My problem is I'm unsympathetic to everyone around me now. I'll give you an example. A woman I work with is 60 and both her parents are still living, although her father is in failing health. She talks endlessly about his poor health and how it takes up all her time. Most people feel bad for her, but I resent the fact that she's upset that her dad is 86 and dying, when my dad died so young.
I feel like I am becoming a cold, unfeeling person and I don't know how to stop it. Can you help? -- UNSYMPATHETIC IN NEW YORK
DEAR UNSYMPATHETIC: I don't think you are cold, unfeeling or unsympathetic. You may still not be over the loss of your father. The late Dr. Elisabeth Kubler-Ross broke the grieving process into five stages: denial, anger, bargaining, depression and acceptance. It might be helpful for you to discuss your concerns with a licensed mental health professional who can help you work this through.

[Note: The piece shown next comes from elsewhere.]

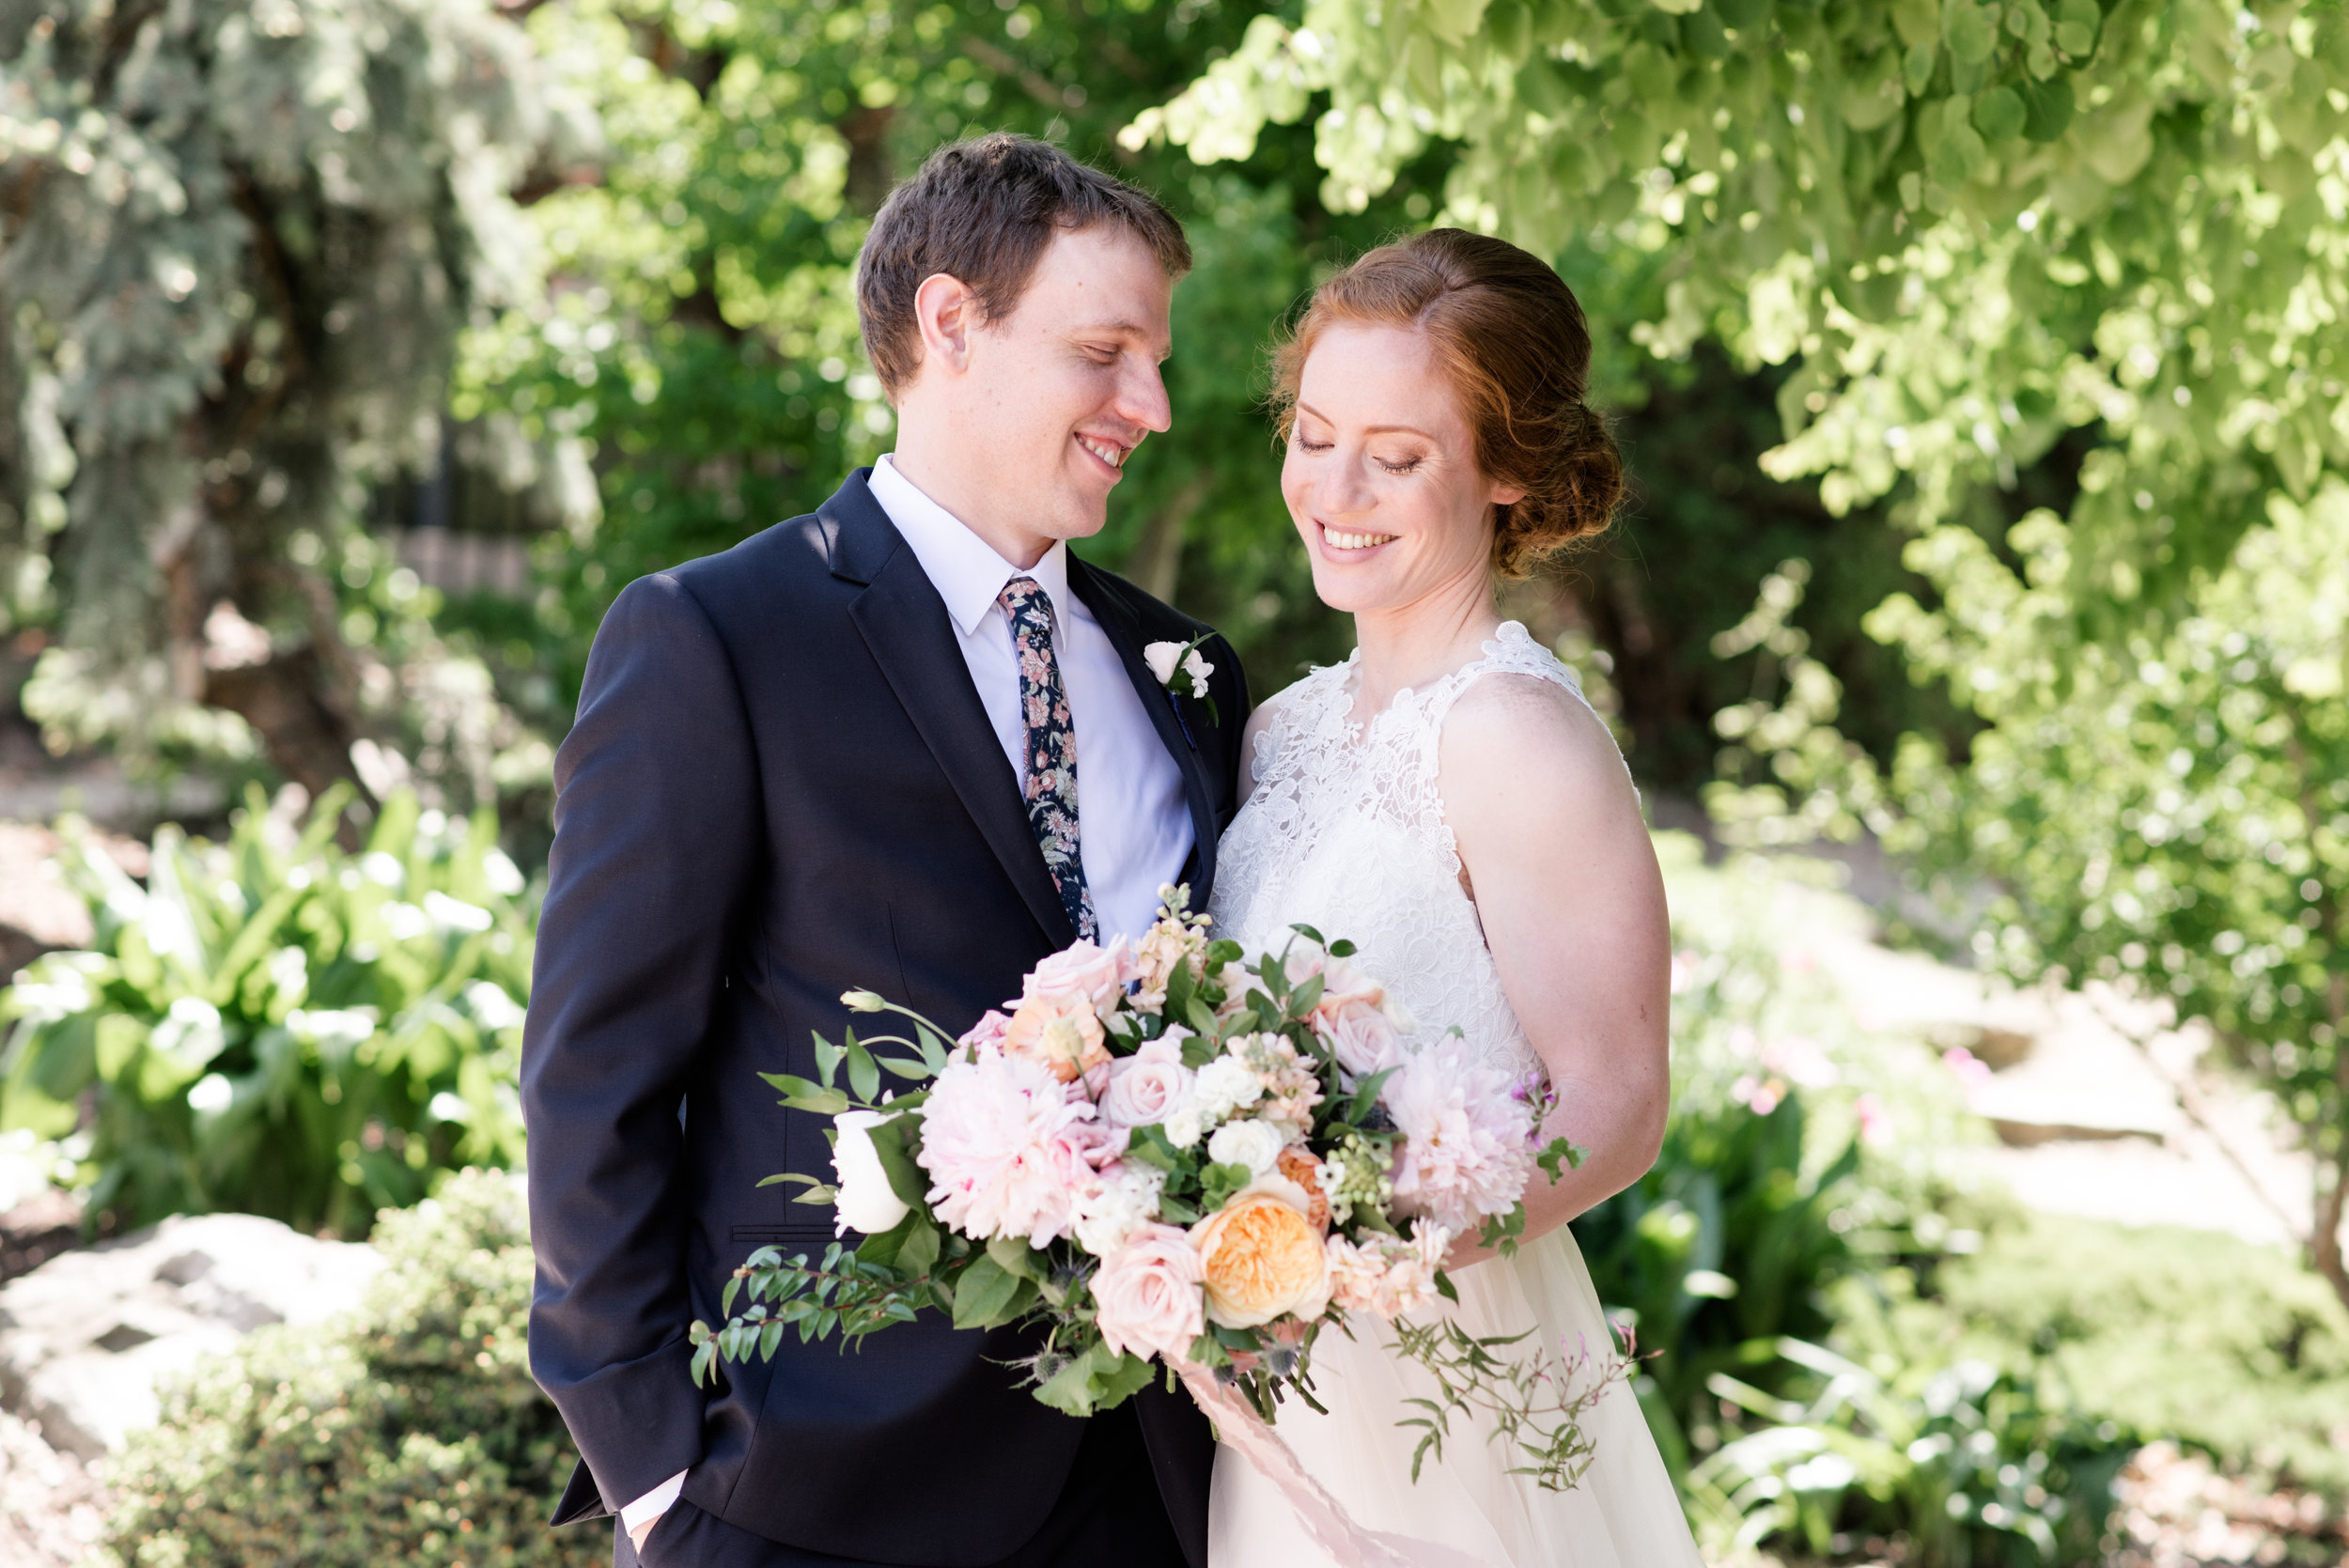 union-south-madison-may-wedding-photography-47.jpg
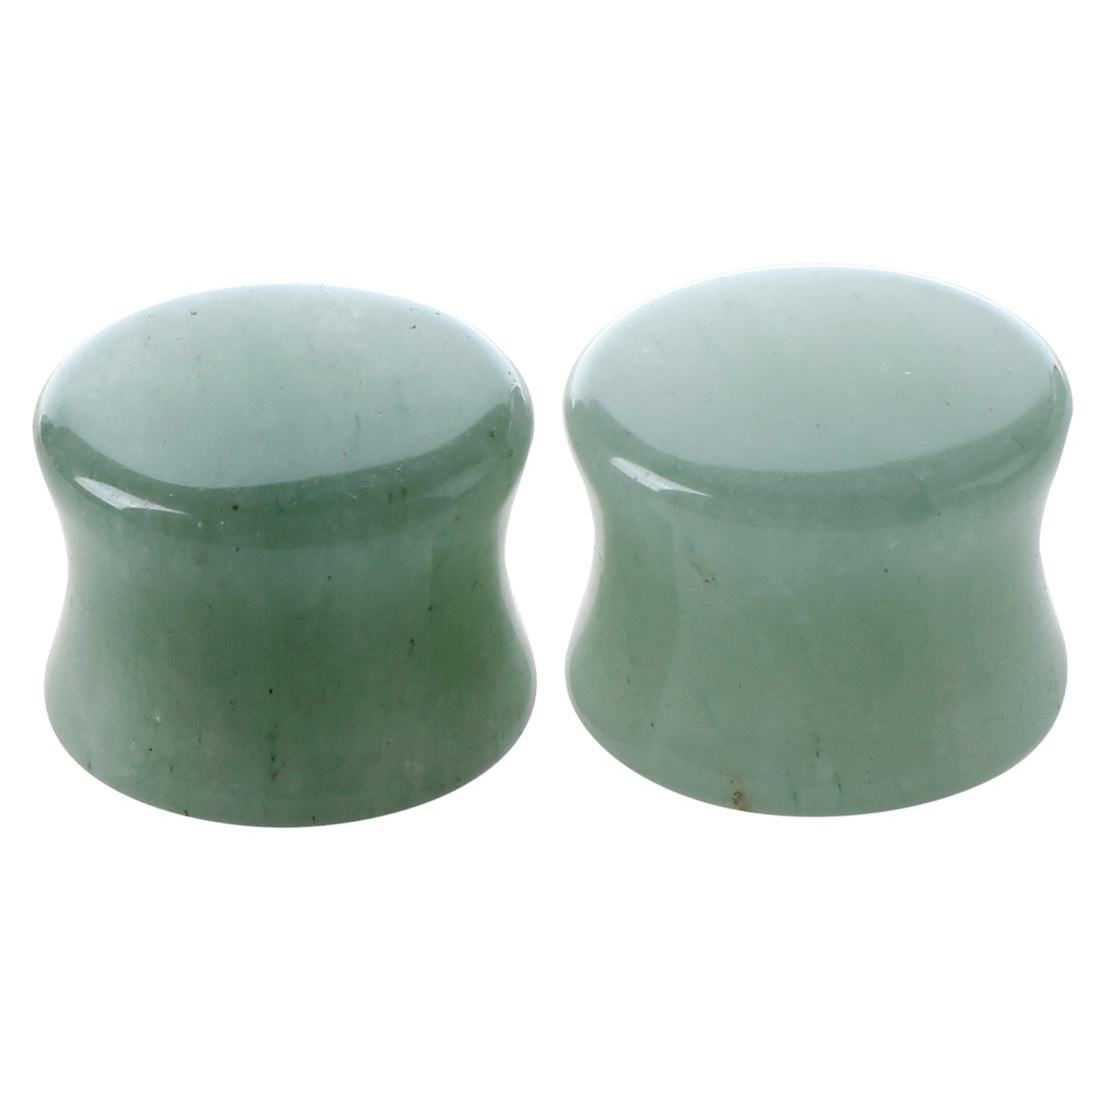 1-Pair-of-Solid-Jade-Stone-Organic-Ear-Plugs-Gauges-Rings-Tunnels-Piercing-Y1X6 thumbnail 2

And in the meantime, when your co-worker raises the subject of her pain at losing her father -- which I'm sure you identify with -- explain that it's too painful for you to hear and excuse yourself.
DEAR ABBY: We have a "situation" at work that is becoming intolerable. Our new boss of four months joins us for our coffee breaks and lunches. It is awkward, to say the least. The other secretaries and I look forward to our breaks as a time to unwind (and talk about the salespeople and our bosses if we need to vent). Now we can't speak freely.
Even worse, the woman has atrocious table manners. She talks the entire time she's eating -- chomping, slurping and spraying food all over. It's disgusting.
We brown-bag our lunches because we can't afford to eat out. We know we can't tell our boss she isn't welcome in the break room. Any ideas on how we can handle this? -- NAUSEATED IN BLOOMFIELD, N.J.
DEAR NAUSEATED: Allow me to offer a couple. Schedule your breaks so you aren't all taking one at once, which will make it more difficult for your new boss to join you. And at lunch, break into groups and take your brown bags off the premises if possible. That way, all of you won't have to tolerate her every day.
Frankly, I feel sympathy for the woman. She seems lonely and unaware of the fact that an invisible line separates management from staff, that she's not one of you and is intruding.
DEAR ABBY: When my son and his fiancee have a fight, she comes to cry on my shoulder. She says she doesn't want to talk to her friends because she doesn't want them to dislike him. Little does she know how stressful this is for me when I get to hear all the details. How can I put a stop to this without hurting her feelings? -- TOO MUCH INFORMATION IN IOWA
DEAR TOO MUCH INFORMATION: Start by telling her how stressful it is when she comes running to you when she and your son argue. Then, explain that as much as you care about her, if she's going to marry your son, she is going to have to learn to work out her problems with him on her own. You'll be doing her a favor.